Poème: O ville sainte qu'ombrage un bosquet de figuiers - Jean-Joseph RABEARIVELO

Publié le par Alain GYRE

Pour la journée internationale de la poésie, je dédie ce poème de Jean Joseph Rabearivelo en l'honneur d'Ambohimanga

Brice Danoly-Nirina Rakotomanga

O ville sainte qu'ombrage un bosquet de figuiers

toi qui, seule, comptes pour moi sr la terre !

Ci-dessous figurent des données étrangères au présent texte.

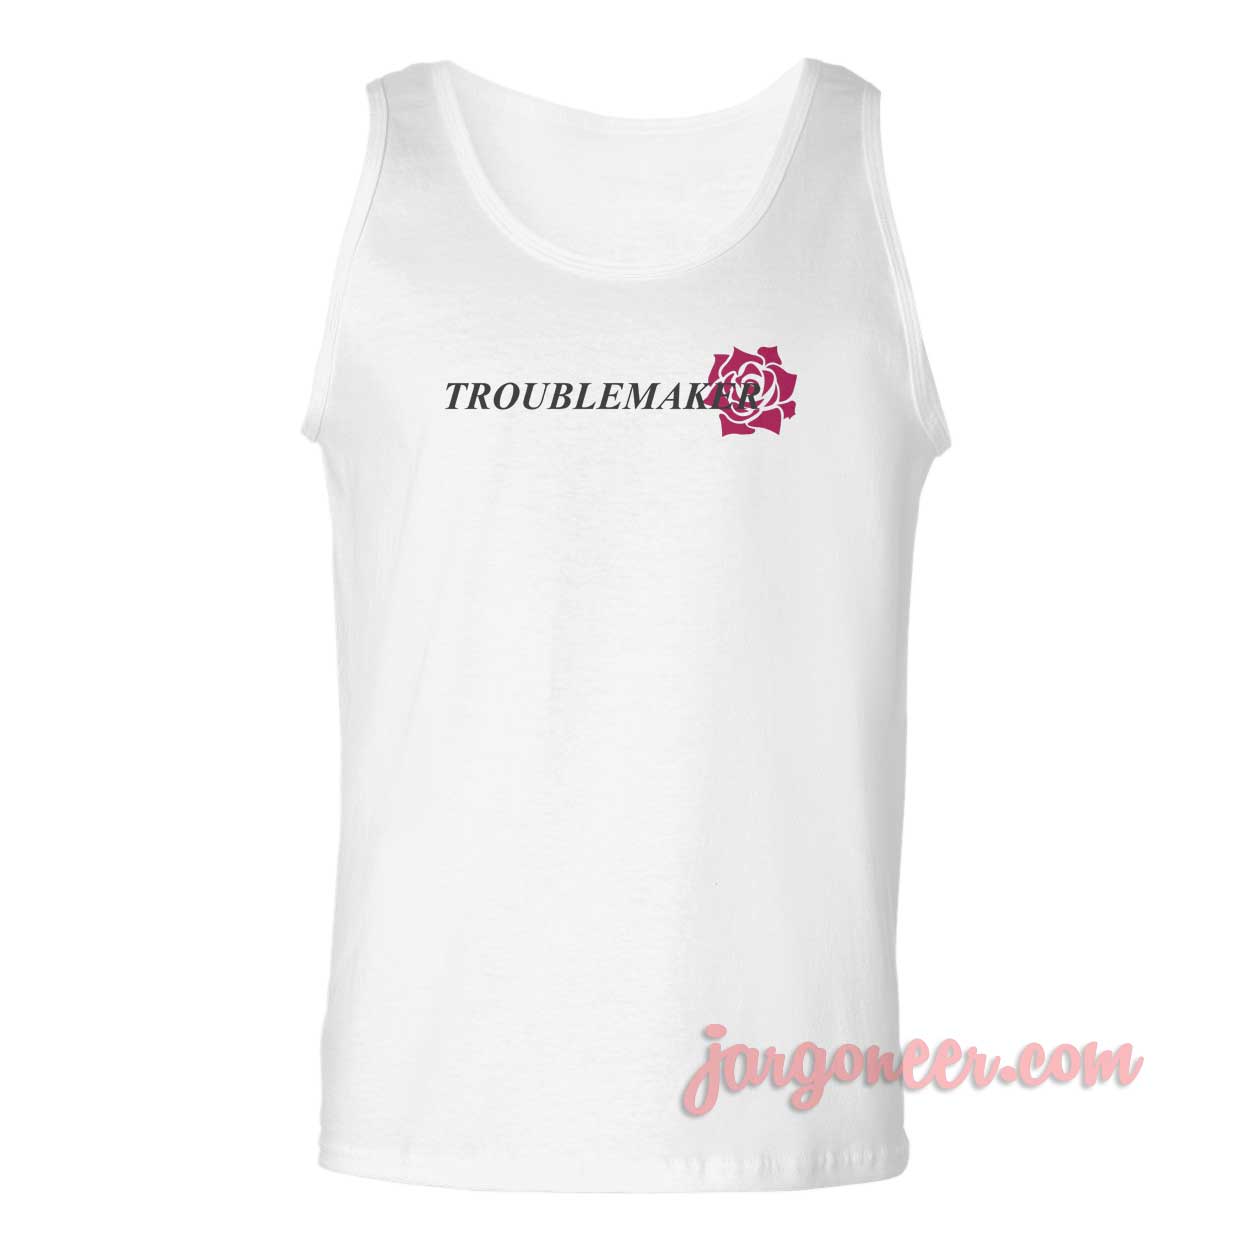 Troublemaker - Shop Unique Graphic Cool Shirt Designs

O honneur du Passé, du Présent,

et du Futur-et de l'Eternité !

Je t'aime entre toutes, et je chanterai,

car je me conforme à la Sagesse,

laquelle exige qu'on vénère

le sol d'où a jailli la vie !

 

Je t'aime ? Tu es l'orgueil de mon Ile

comme tu fus et restes le berceau

et le tombeau des ancêtres royaux,

O toi dont les collines environnanes

aux flancs desquelles pendent des herbes grises,

sont, on dirait, ou ton écharpe ton cortège

à l'heure solennelle où tu reçois

la visite...sereine de l'Azur !

 

Lorsque le Vent-du-Sud versera sur vous son haleine

vous me demanderez, pet-être, ô forêt séculaire,

ô rochers moussus que les ans n'ont pu ronger,

Et toi, ô solitude verdoyante qui les berces,

pourquoi d'aussi vaines Ombres m'émeuvent ainsi,

et pourquoi-mon coeur est si sensible !

et vous concluerez que mes yeux voient de travers ?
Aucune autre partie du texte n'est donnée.